*What needs to be done*
Would you please copy all of the data exactly, skipping the images?
**** Collected material
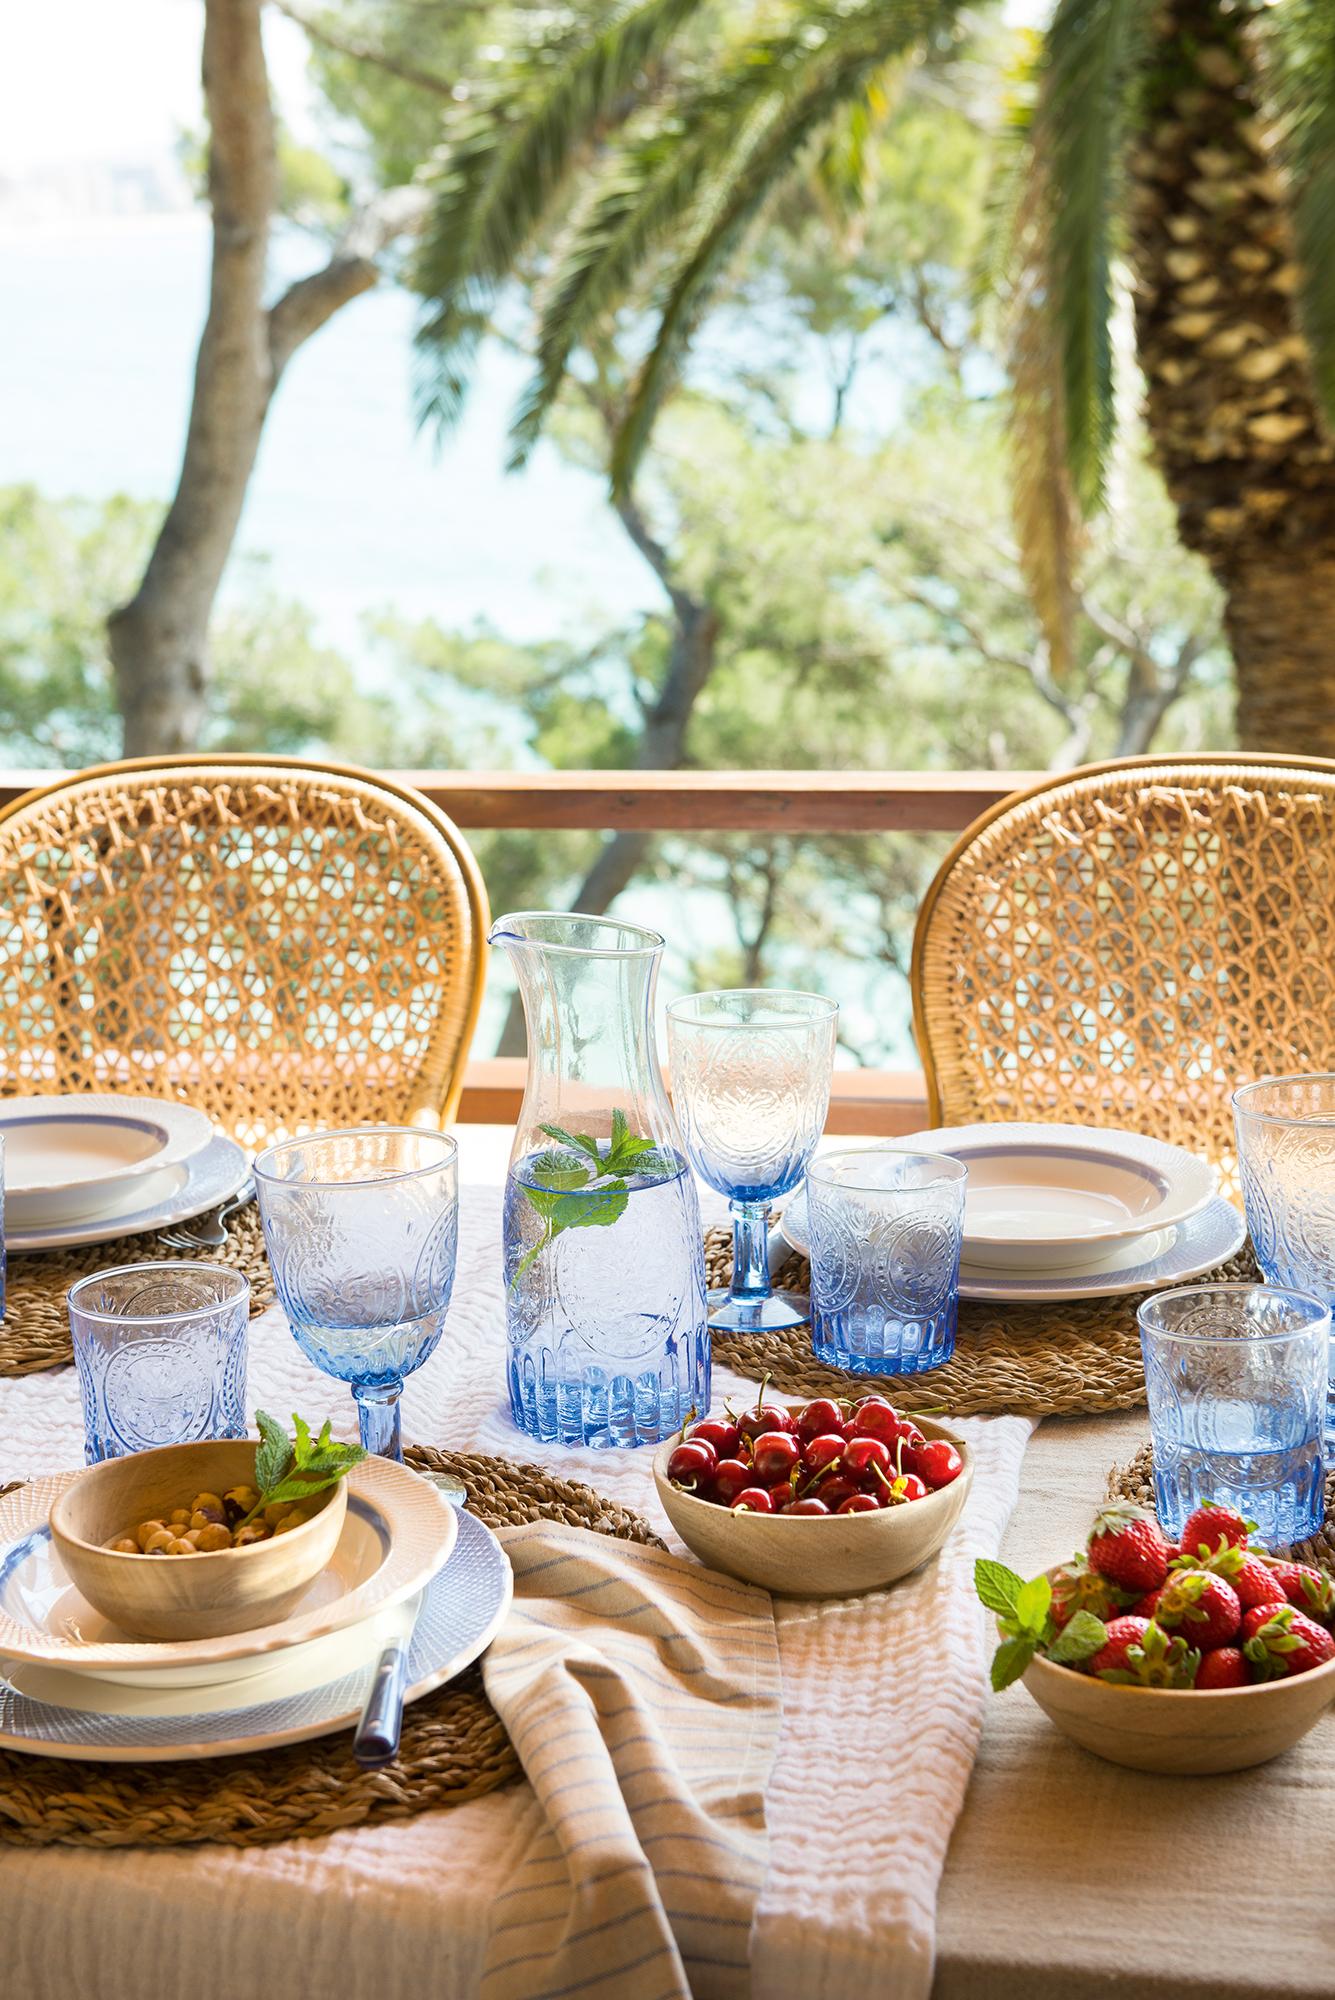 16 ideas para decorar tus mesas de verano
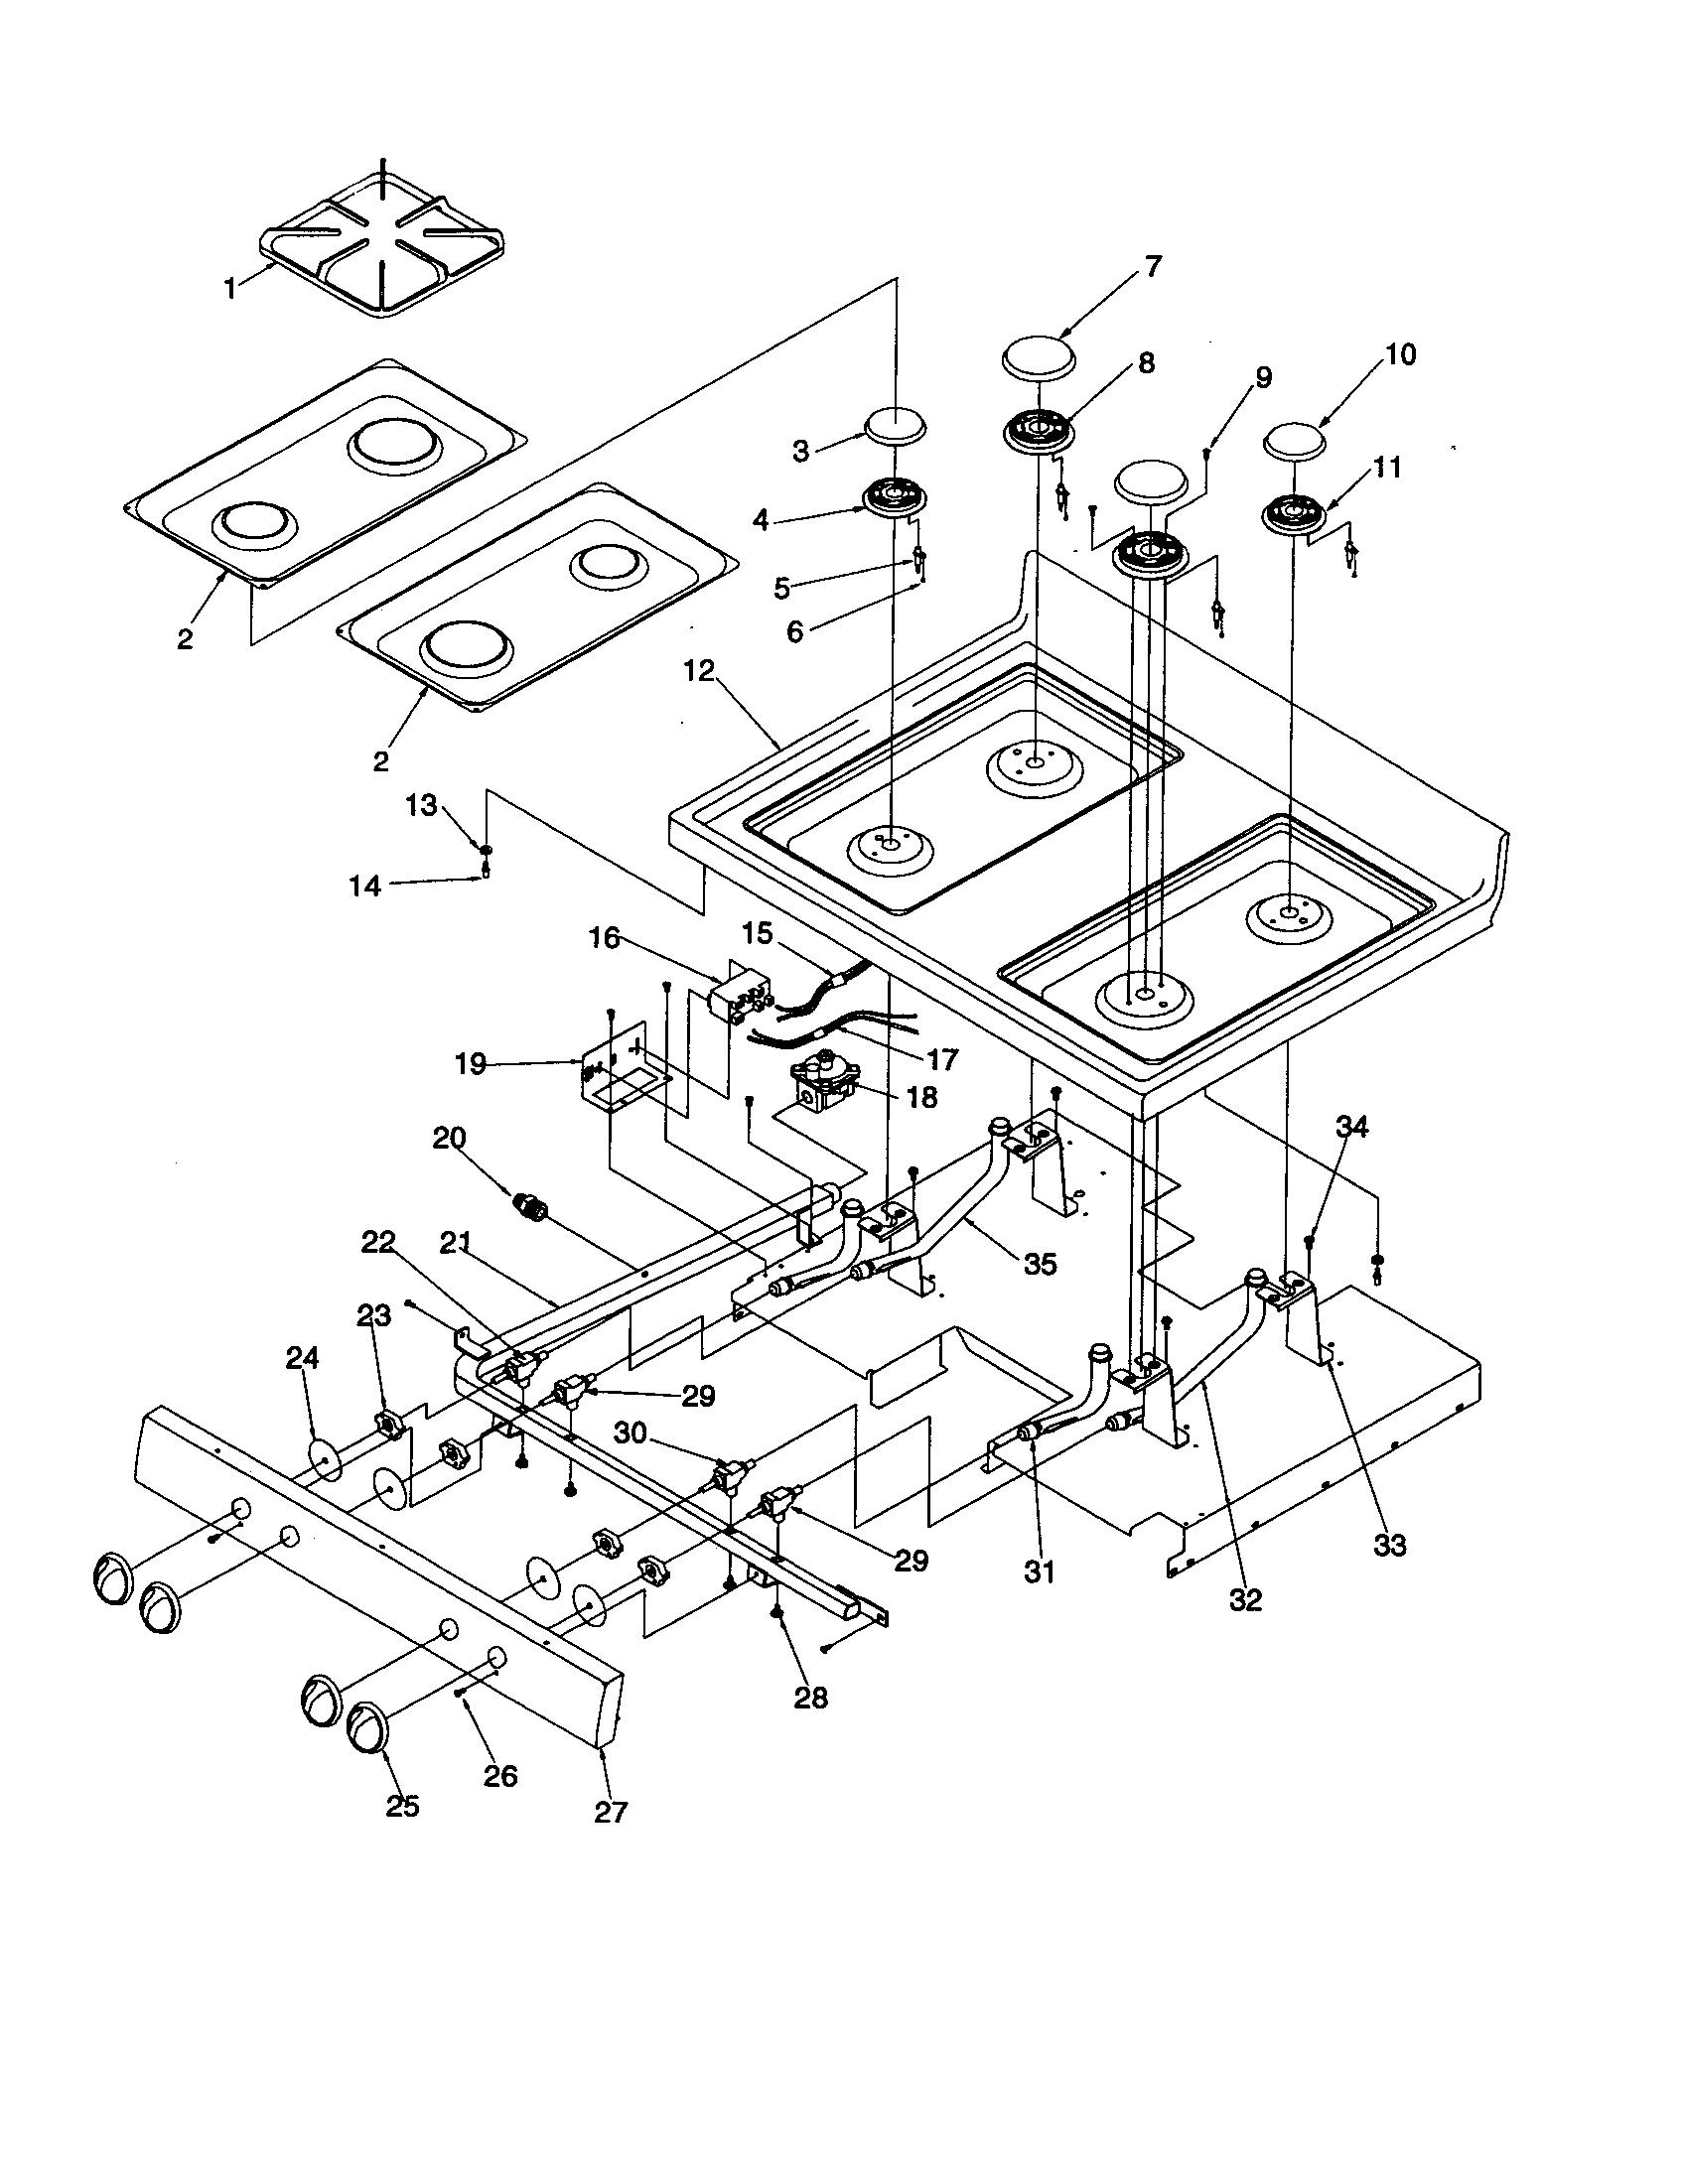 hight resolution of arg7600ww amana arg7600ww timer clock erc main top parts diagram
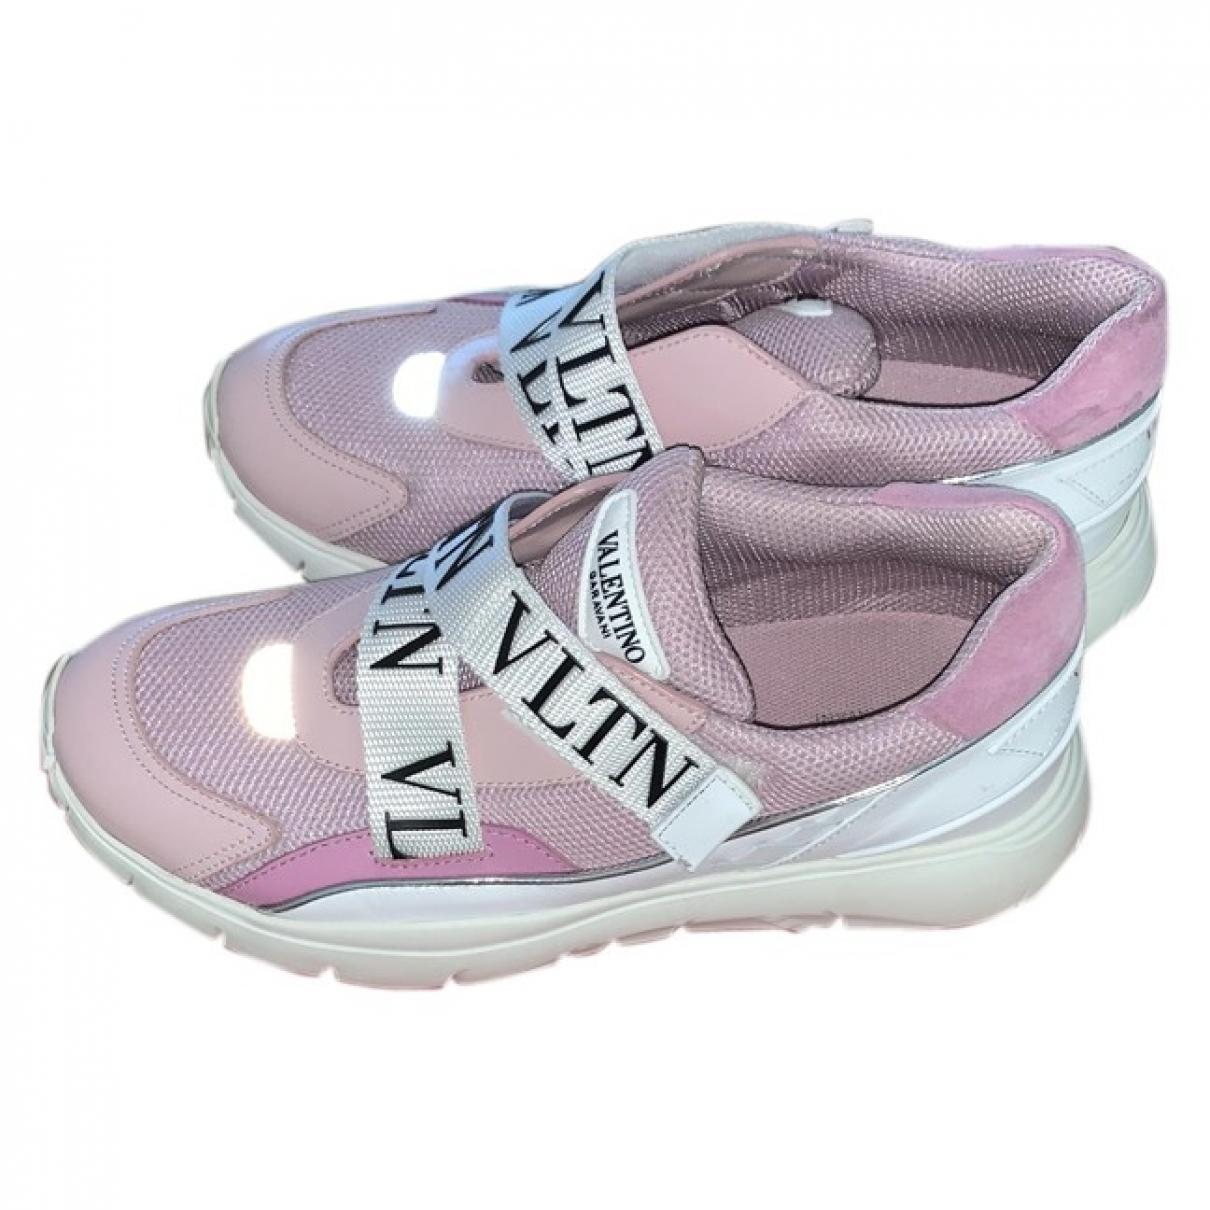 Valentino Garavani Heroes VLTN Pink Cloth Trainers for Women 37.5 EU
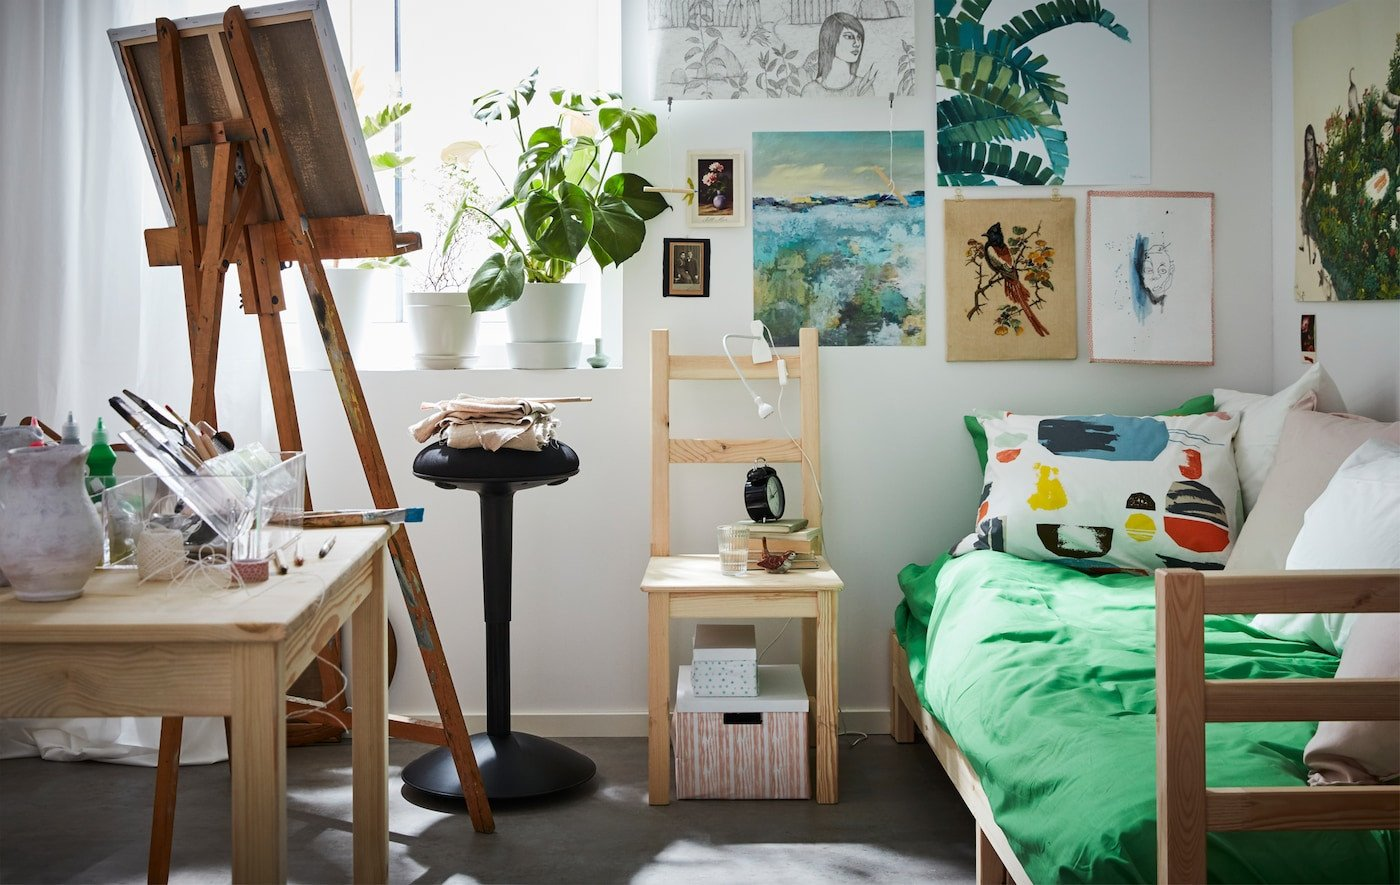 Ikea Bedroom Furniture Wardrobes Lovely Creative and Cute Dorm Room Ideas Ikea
********
*Answer to this problem*
 16 ideas para decorar tus mesas de verano
 hight resolution of arg7600ww amana arg7600ww timer clock erc main top parts diagram
 Valentino Garavani Heroes VLTN Pink Cloth Trainers for Women 37.5 EU
 Ikea Bedroom Furniture Wardrobes Lovely Creative and Cute Dorm Room Ideas Ikea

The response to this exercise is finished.